Countercurrent chromatography (CCC) is a generic term covering all forms of liquid-liquid chromatography that use a support-free liquid stationary phase held in place by a simple centrifugal or complex centrifugal force field. Biphasic liquid systems are used with one liquid phase being the stationary phase and the other being the mobile phase. Although initiated almost 30 years ago, CCC lacked reliable columns. This is changing now, and the newly designed centrifuges appearing on the market make excellent CCC columns. This review focuses on the advantages of a liquid stationary phase and addresses the chromatographic theory of CCC. The main difference with classical liquid chromatography (LC) is the variable volume of the stationary phase.
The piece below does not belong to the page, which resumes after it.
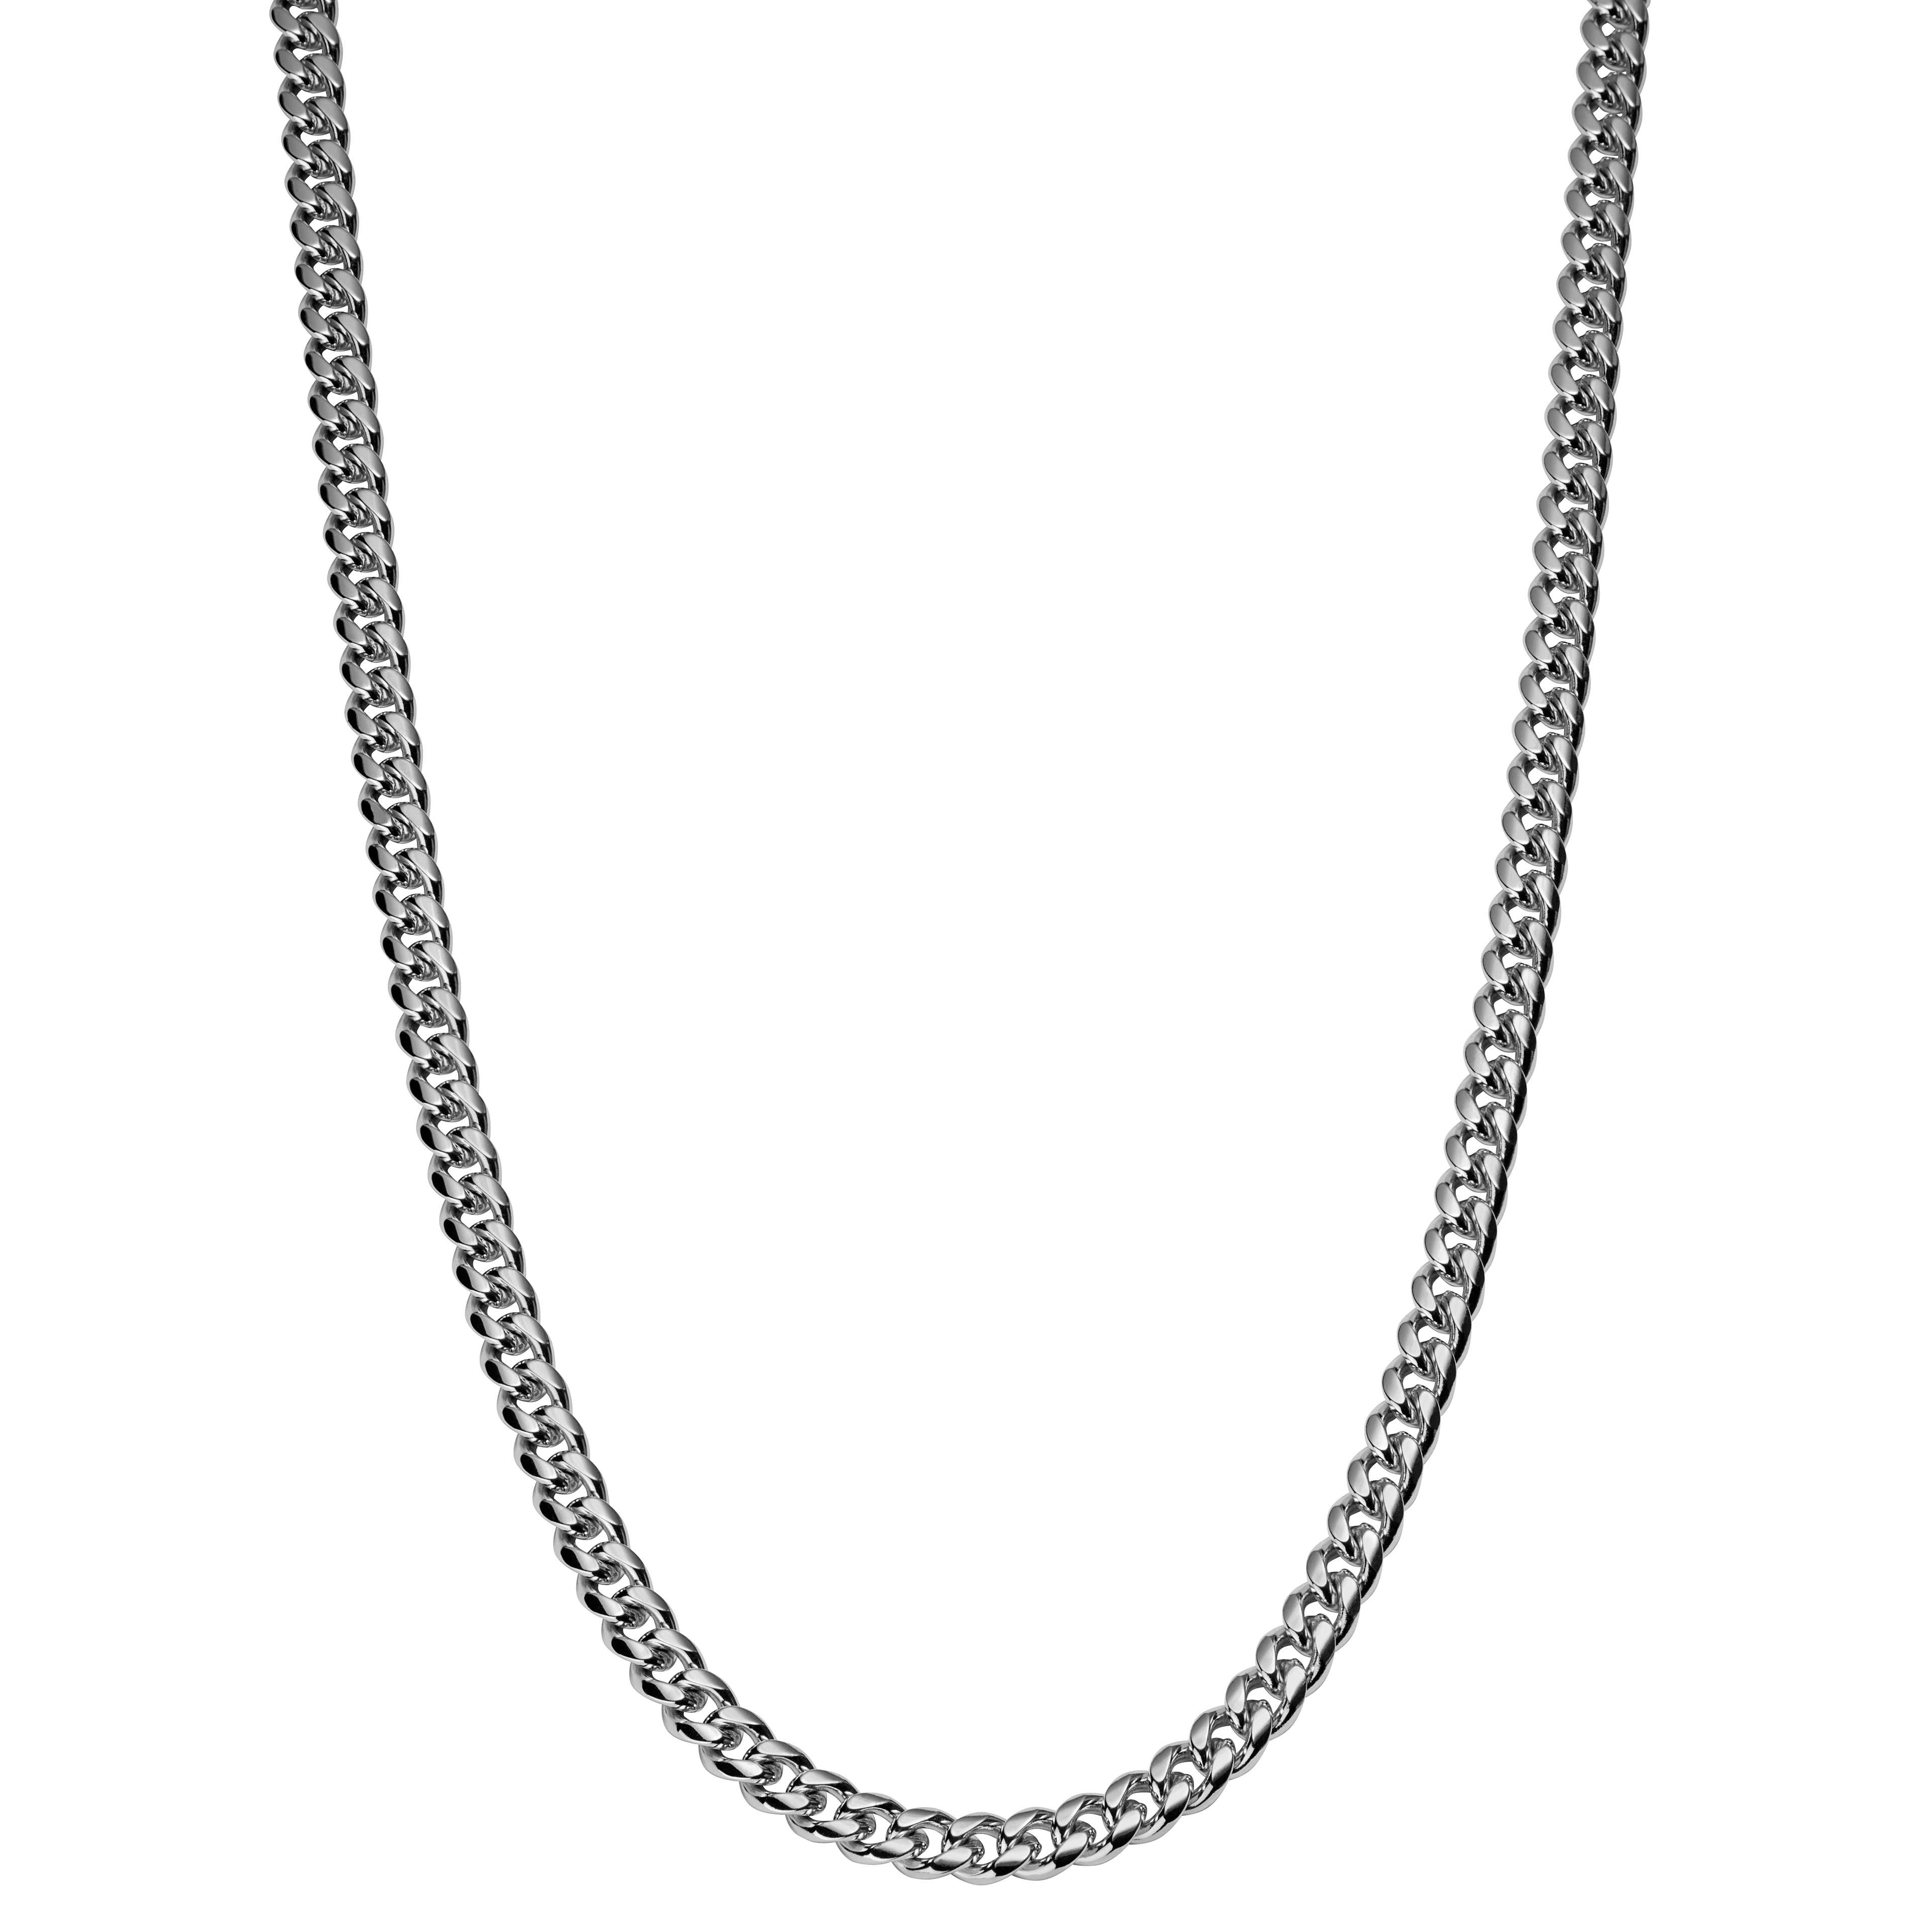 Łańcuszkowy naszyjnik w srebrnym tonie 6 mm
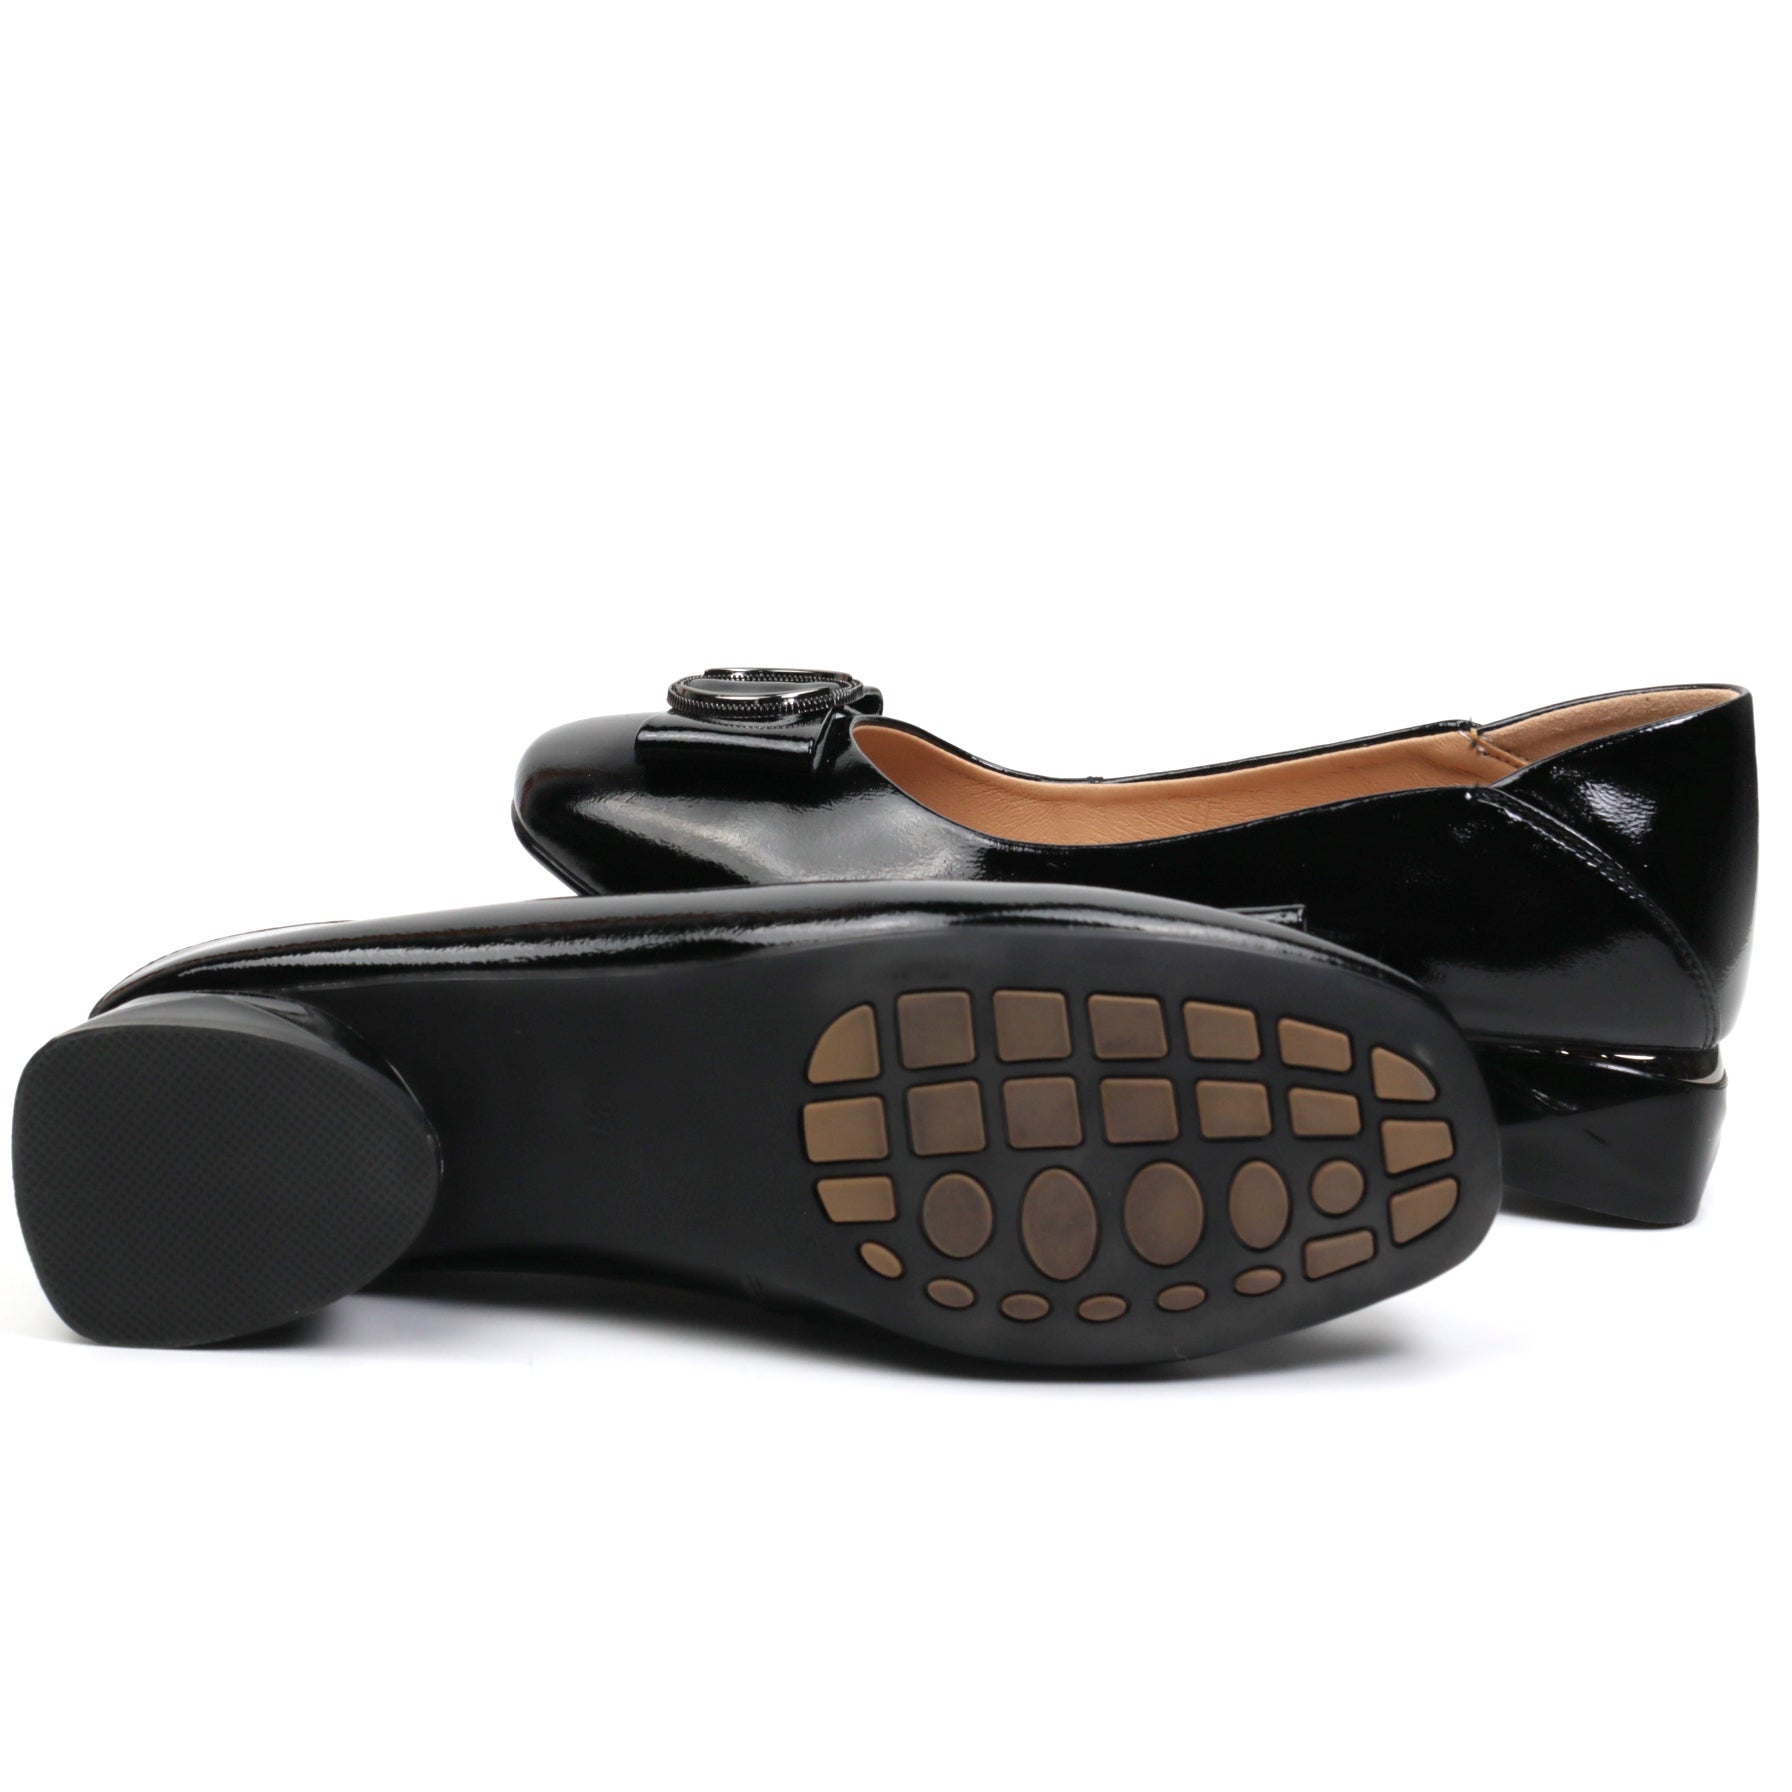 Pass Collection Pantofi dama M5M520012B 01 L negru lac ID3336-NGL

There are mainly two different ways to obtain a liquid stationary phase using centrifugal forces, the hydrostatic way and the hydrodynamic way. These two kinds of CCC columns are described and compared. The reported applications of CCC in analytical chemistry and comparison with other separation and enrichment methods show that the technique can be successfully used in the analysis of plants and other natural products, for the separation of biochemicals and pharmaceuticals, for the separation of alkaloids from medical herbs, in food analysis, etc. On the basis of the studies of the last two decades, recommendations are also given for the application of CCC in trace inorganic analysis and in radioanalytical chemistry.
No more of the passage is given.